··· Material provided
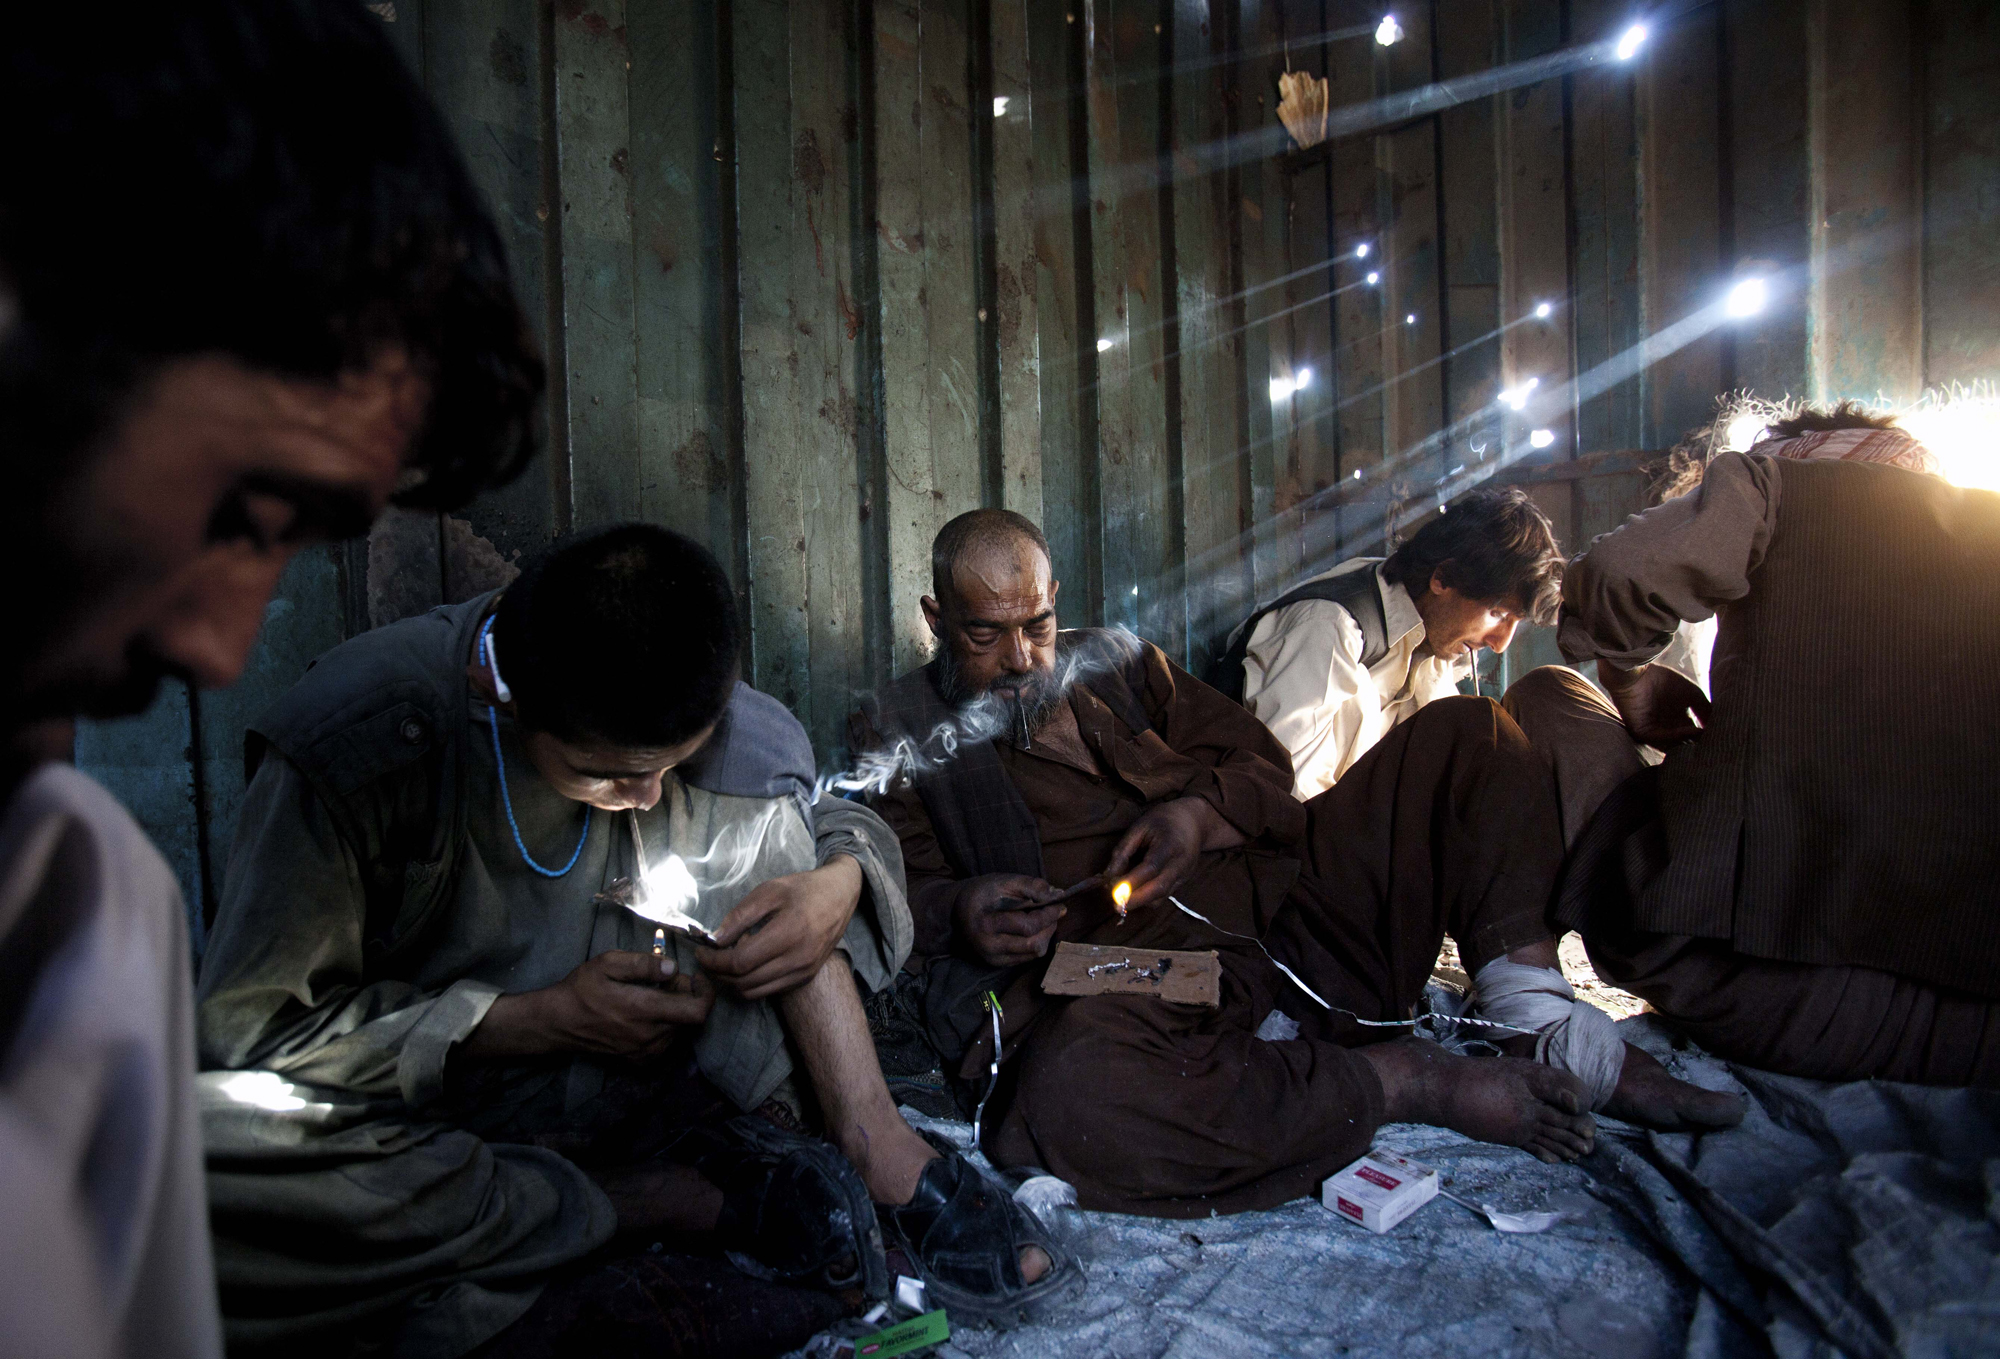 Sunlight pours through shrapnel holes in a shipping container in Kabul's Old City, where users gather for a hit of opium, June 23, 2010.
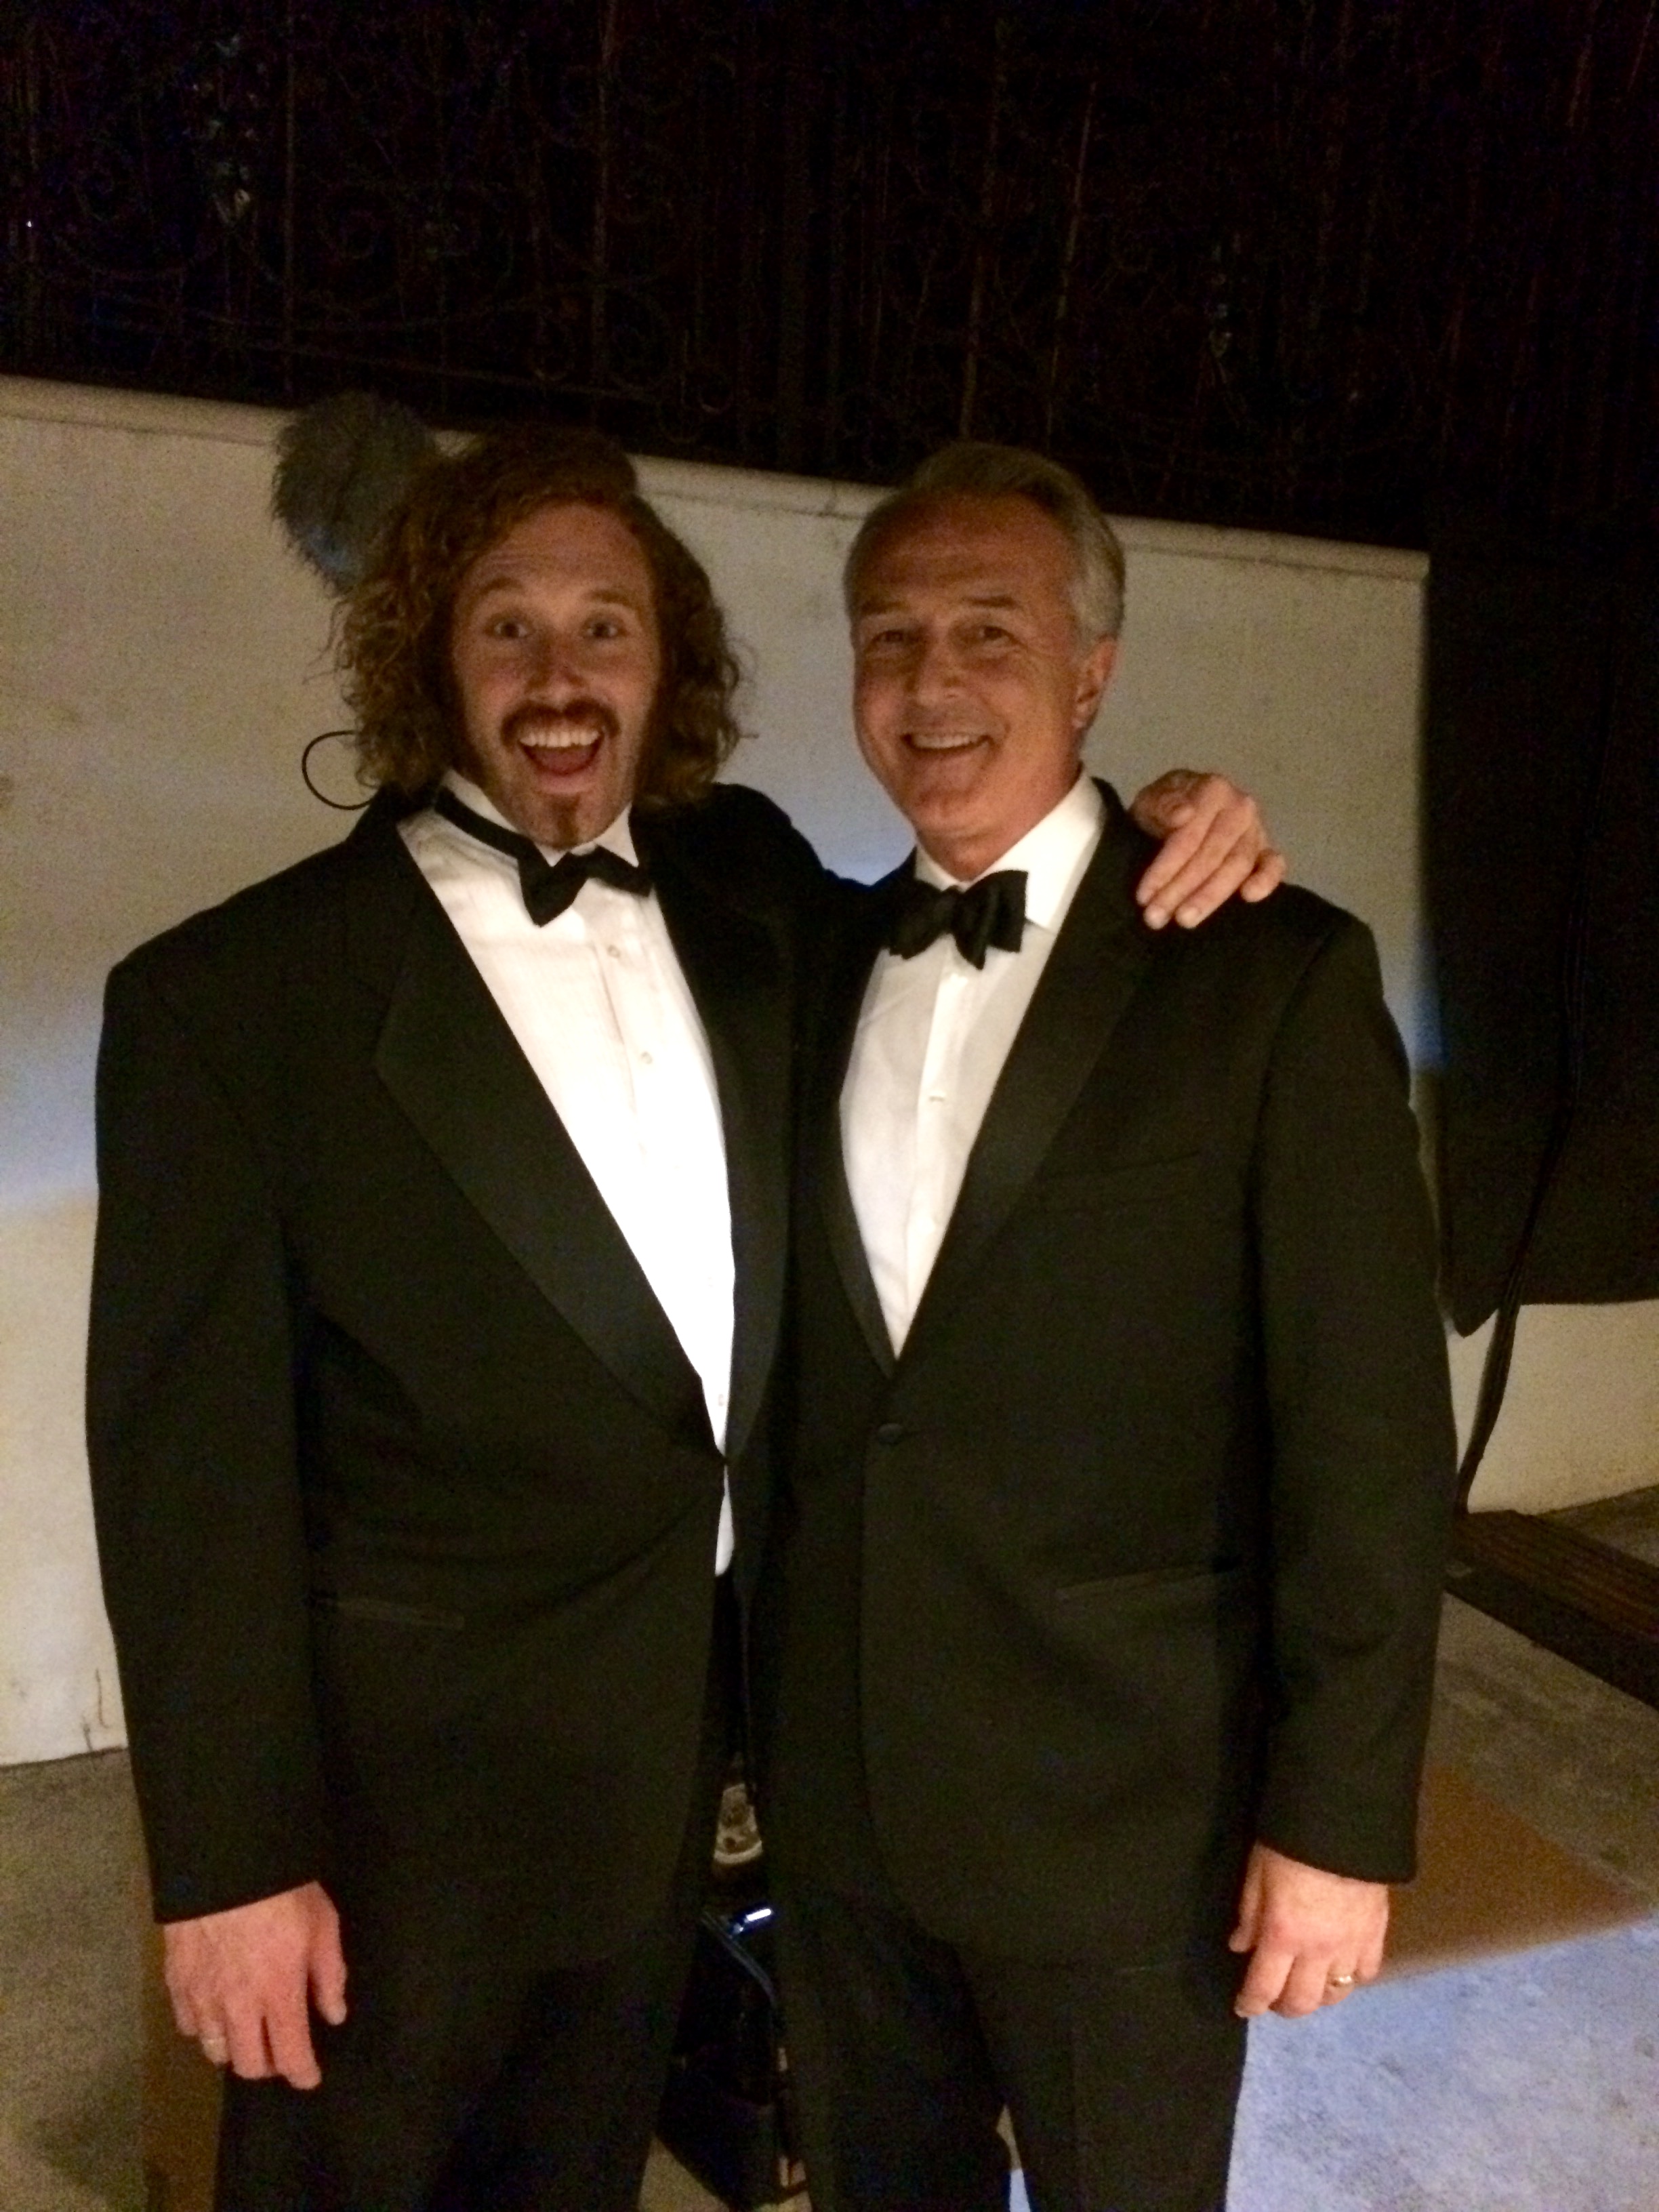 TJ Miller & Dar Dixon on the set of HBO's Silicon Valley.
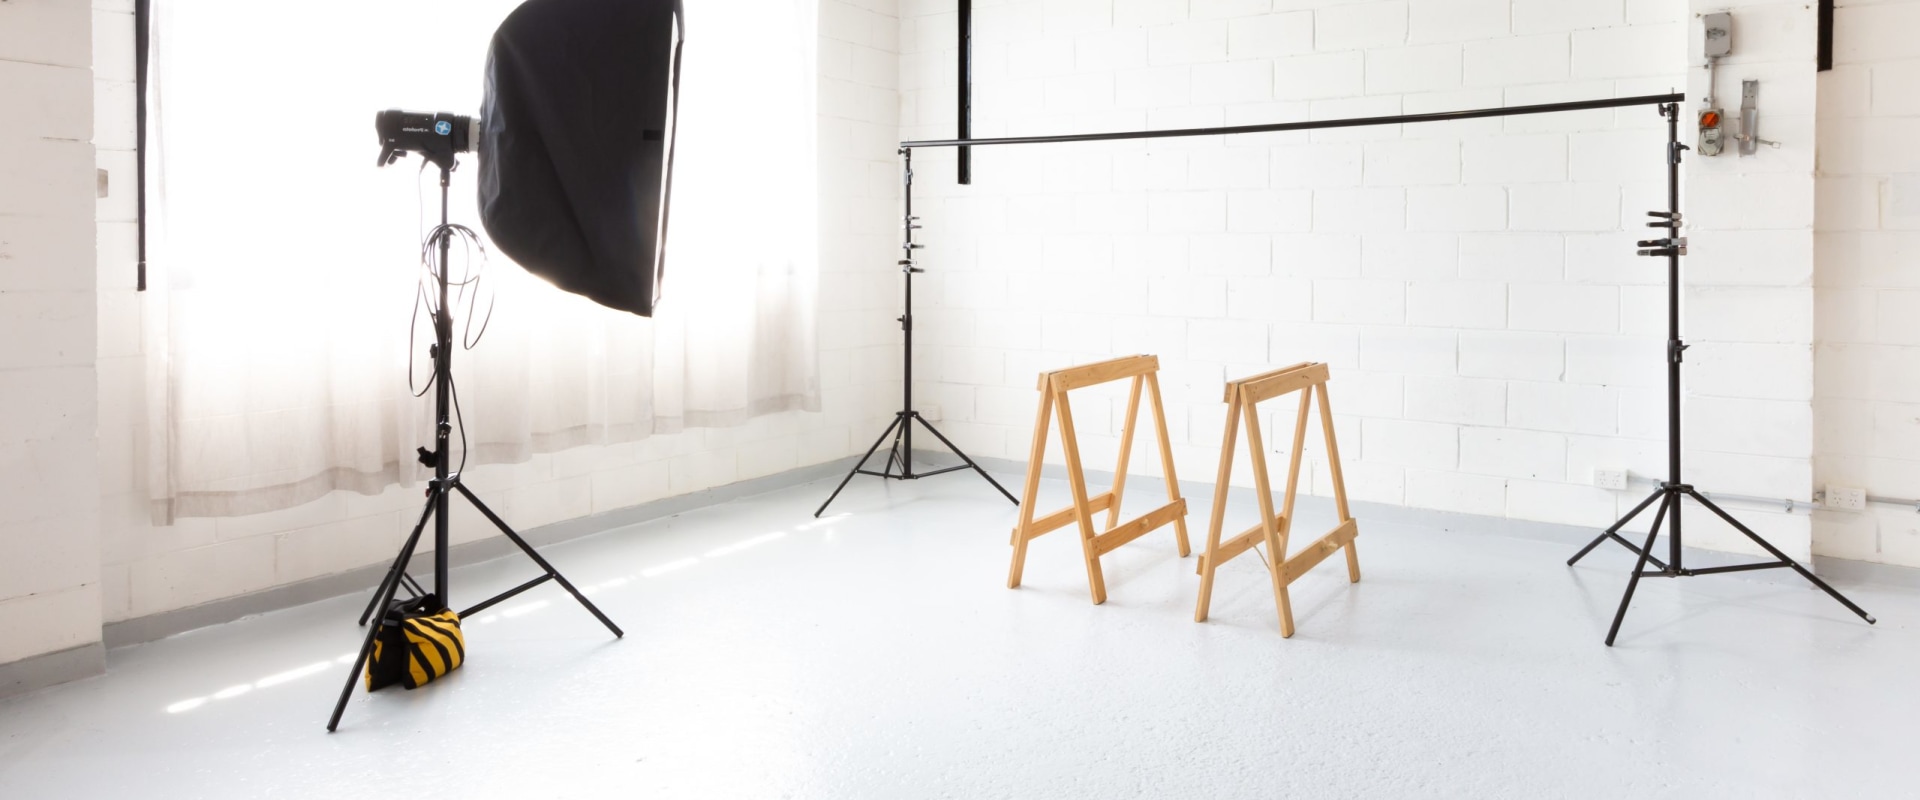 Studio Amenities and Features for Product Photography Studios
······
> **Your goal**: Where images occur in the data above, leave them out and repeat everything else exactly.

> **Exercise output**:
 Sunlight pours through shrapnel holes in a shipping container in Kabul's Old City, where users gather for a hit of opium, June 23, 2010.
 TJ Miller & Dar Dixon on the set of HBO's Silicon Valley.
 Studio Amenities and Features for Product Photography Studios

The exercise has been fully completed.